危険なイメージのある高波・高潮・津波にはどのような違いがあるのでしょうか。また、高波や高潮を理解する上でも重要になる波浪とはどのようなものでしょうか。違いを確認して、それぞれの災害に備えましょう。

波浪 って何?

台風が接近すると、天気予報で耳にする機会が増えてくる波浪(はろう)。波浪は、海面の波の動きのことで、「風浪」「うねり」によって生じる波の総称です。

風浪は、海面上を吹く風が原因となって起こる波のことで、風が吹く方向に進み、波は不規則で尖っているのが特徴です。台風発達中の過程の波で、発達が進むにつれて波は高く、速くなります。

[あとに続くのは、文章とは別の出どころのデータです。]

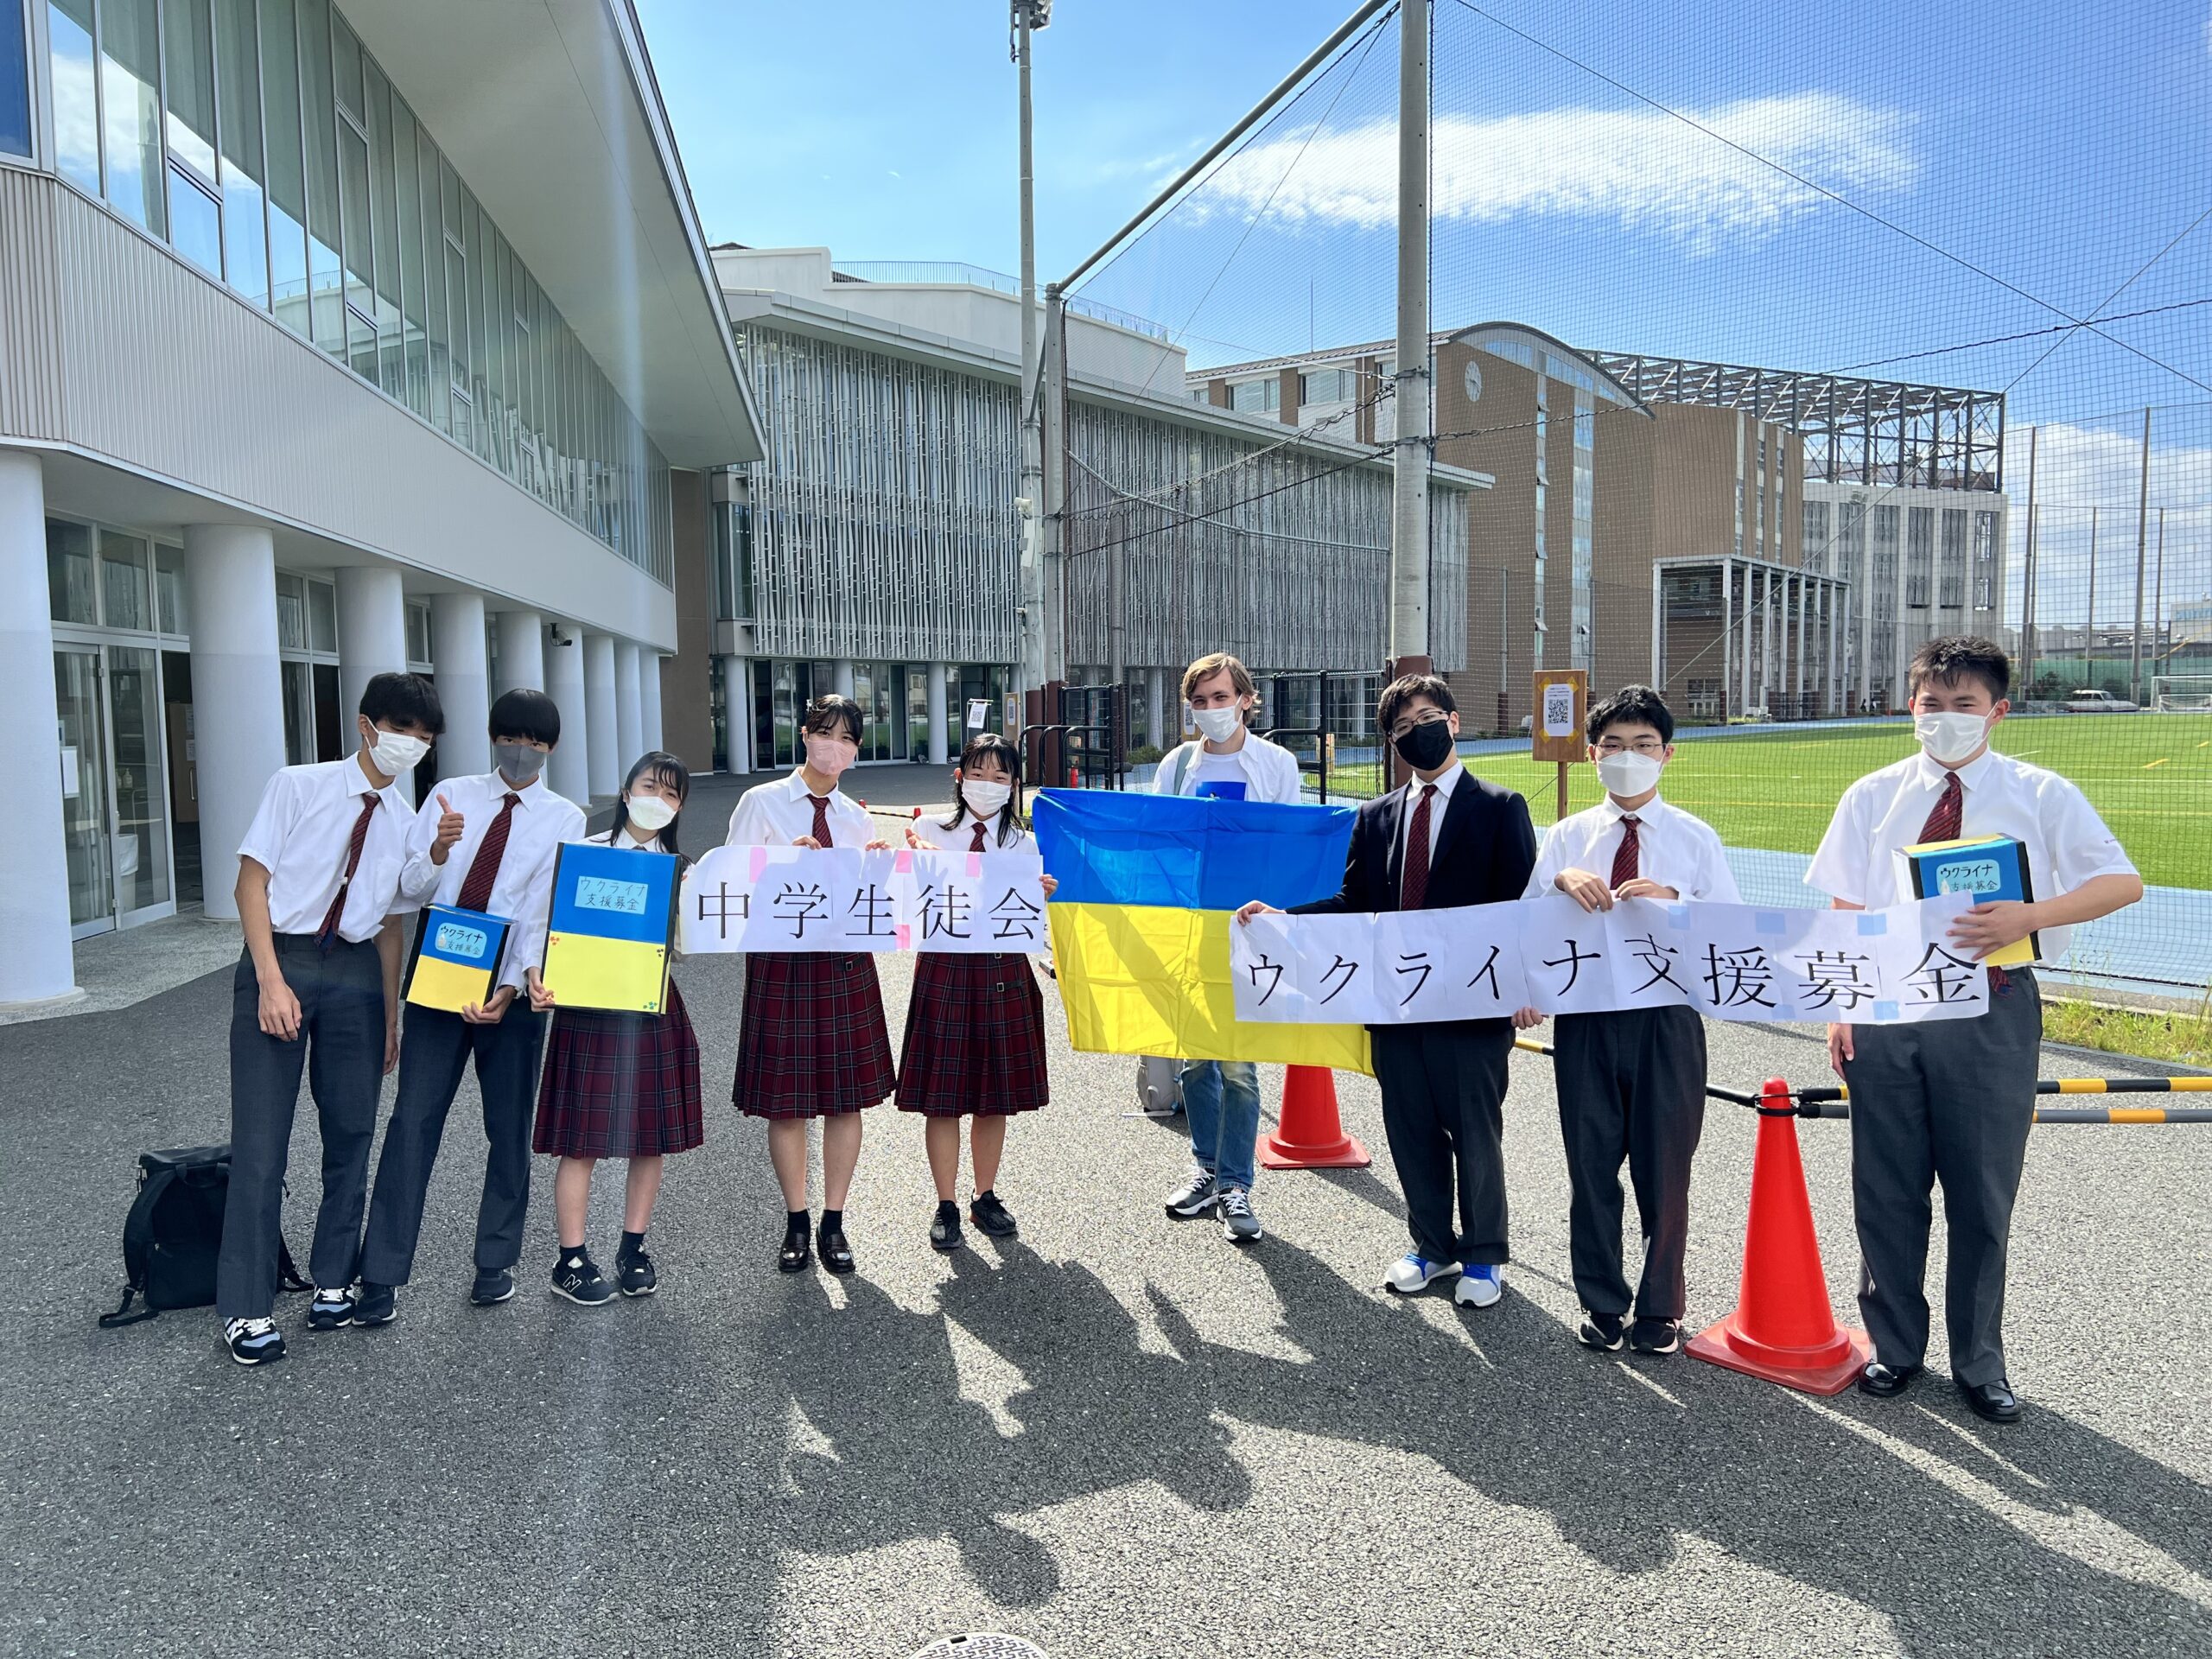 Junior High School Students collecting money to help Ukrainian people

うねりは、発達のピークを過ぎて衰えていくときにできる波です。海面上を吹く風が弱くなったり、風浪が風のないところまで進むと、うねりになります。規則的で丸みを帯び、穏やかに見える波ですが、海岸付近でうねりが発生すると、海面が高くなりやすいのが特徴です。

高波・高潮・津波の違い

高波、高潮、津波は原因によって区別されています。高波は風、高潮は気圧、津波は地震によって起こる高い波を指します。もう少し細かくそれぞれを見ていきましょう。

[高波]

高波は、文字通り高い波のことで、主に低気圧の発達による強い風が原因で発生します。
気象庁では波浪注意報・警報の対象になる程度の高い波と定義しています。波浪注意報・警報は、気象庁と各地域の行政機関が、各地域の過去の気象と災害発生の関係性を調査した上で発表する基準を決めています。
海上や海岸付近に近づかずに、波にさらわれないようにする必要があります。波は海岸付近で砕け散るため、高波だけでは洪水などの浸水被害を起こすことはありません。

[高潮]

高潮は海面が沖合いの方から盛り上がって、海岸や沿岸の方へ押し寄せる現象です。 台風や低気圧による海水の「吸い上げ効果」によって発生します。これは、低気圧の周りにある気圧の高い空気が海面を押し、同時に中心部の気圧の低い空気が海水を吸い上げることで、海面を高く盛り上げるというものです。
あわせて、暴風が海岸に向けて吹くことで、海岸付近に海水が集まり海面が盛り上がる「吹き寄せ効果」も高潮の原因になります。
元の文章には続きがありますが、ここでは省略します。